Gorby was an unreconstructed (neperestroen) communist, his plan (actually his mentor Andropov's plan) was to try and breath some life back into a decaying Soviet Union. Despite all the CIA projections of Soviet military and industrial might, the Central Committee members knew they were circling the drain. Reagan and Thatcher embraced perestroyka only so far as it would let the Pandora of freedom out of her box.

Sort of like both Bushes' approach to China.

Boris Yeltsin was an opportunist who, like Putin, was in several right places at the right times. He was the governor/mayor of the Sverdlovsk (now Yekaterinburg) district and ordered the excavation and release of the Romanov family's remains. This got him noticed, slid him into the "President of Russia" position, a ceremonial post in the Soviet Union. Gorby fell during the hard-line commie putsch - soft-line Gorby hurt some feelings with "Glasnost" (open critique of corrupt officials) and by pulling out of Afganistan.
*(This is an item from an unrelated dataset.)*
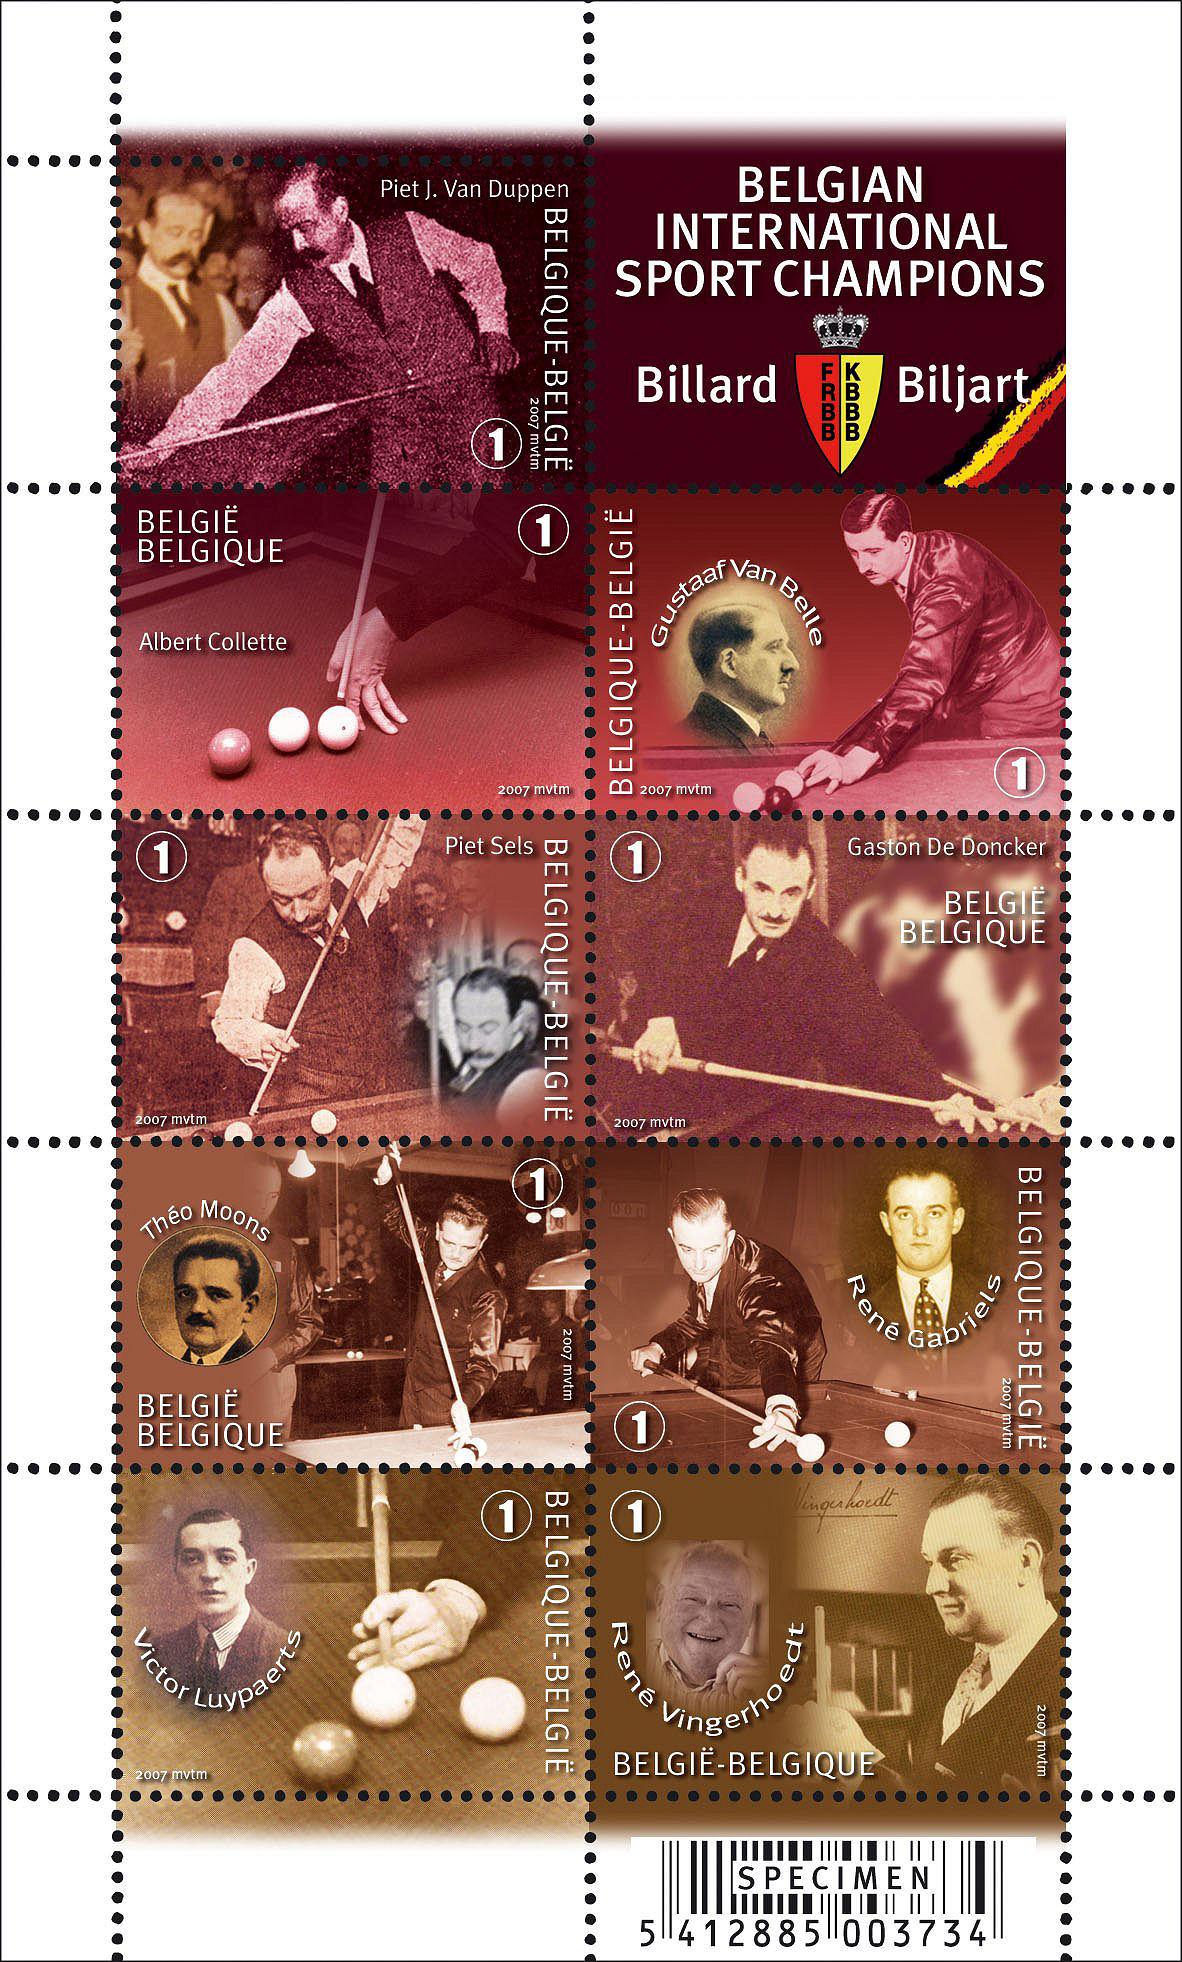 Belgische biljartpostzegels

Yeltsin seized this opportunity, jumped on a tank with an uncommitted army unit and declared the Soviet Union dead. The other army units would not fire on their brethren, and by default only Russia remained.

Yeltsin stood for election, and through Chicago-style chicanery was elected and re-elected. I could spend megabytes of space describing the Byzantine relationships between his family members and the oligarchs, but suffice to say Moscow looked a lot like Cook County Illinois is those days. Everything in Russia that could be stolen, was. A billion US dollars left Sheremetevo for Geneva every day. When Duma deputies tried their own putsch, Yeltsin's tanks opened fire and burned the parliament.

But Yeltsin filled an important position - he gave a very sick Russia some bedrest, gave the people a chance to get used to some ideas besides Marks-Engels-Lenin, and the first taste of social and economic freedom in their entire history.

Putin is a cipher. He is aesthetic, with a taste for martial arts, Vysotskiy, and eschews alcohol. He may seems less corrupt, but his history in pre-Yakovlev Petersburg reads otherwise.

As president, Putin went after a few oligarchs and reopened the Chechnyan question that Yeltsin swept under the rug, but IMO he is not firmly intrenched. I see that he still bows now and then to Russia's traditional troyka of king-makers: the nobility (aka communist party, oligarchs, monopolists, gangsters, etc), the general staff, & the secret police. Russia acts as if she had a monolithic nation and foreign policy, but foreign policy is but a game for a politician to play to enhance his domestic standing. Whatever policy keeps the daggers in their sheaths is what a Russian leader uses. If LUKoil stands to lose tons of money in Iraq, or army egos are suffering because Russia is selling out its formerly very close friends in Iraq, Putin will toss them a bone. Probably one that American tax-payers bought.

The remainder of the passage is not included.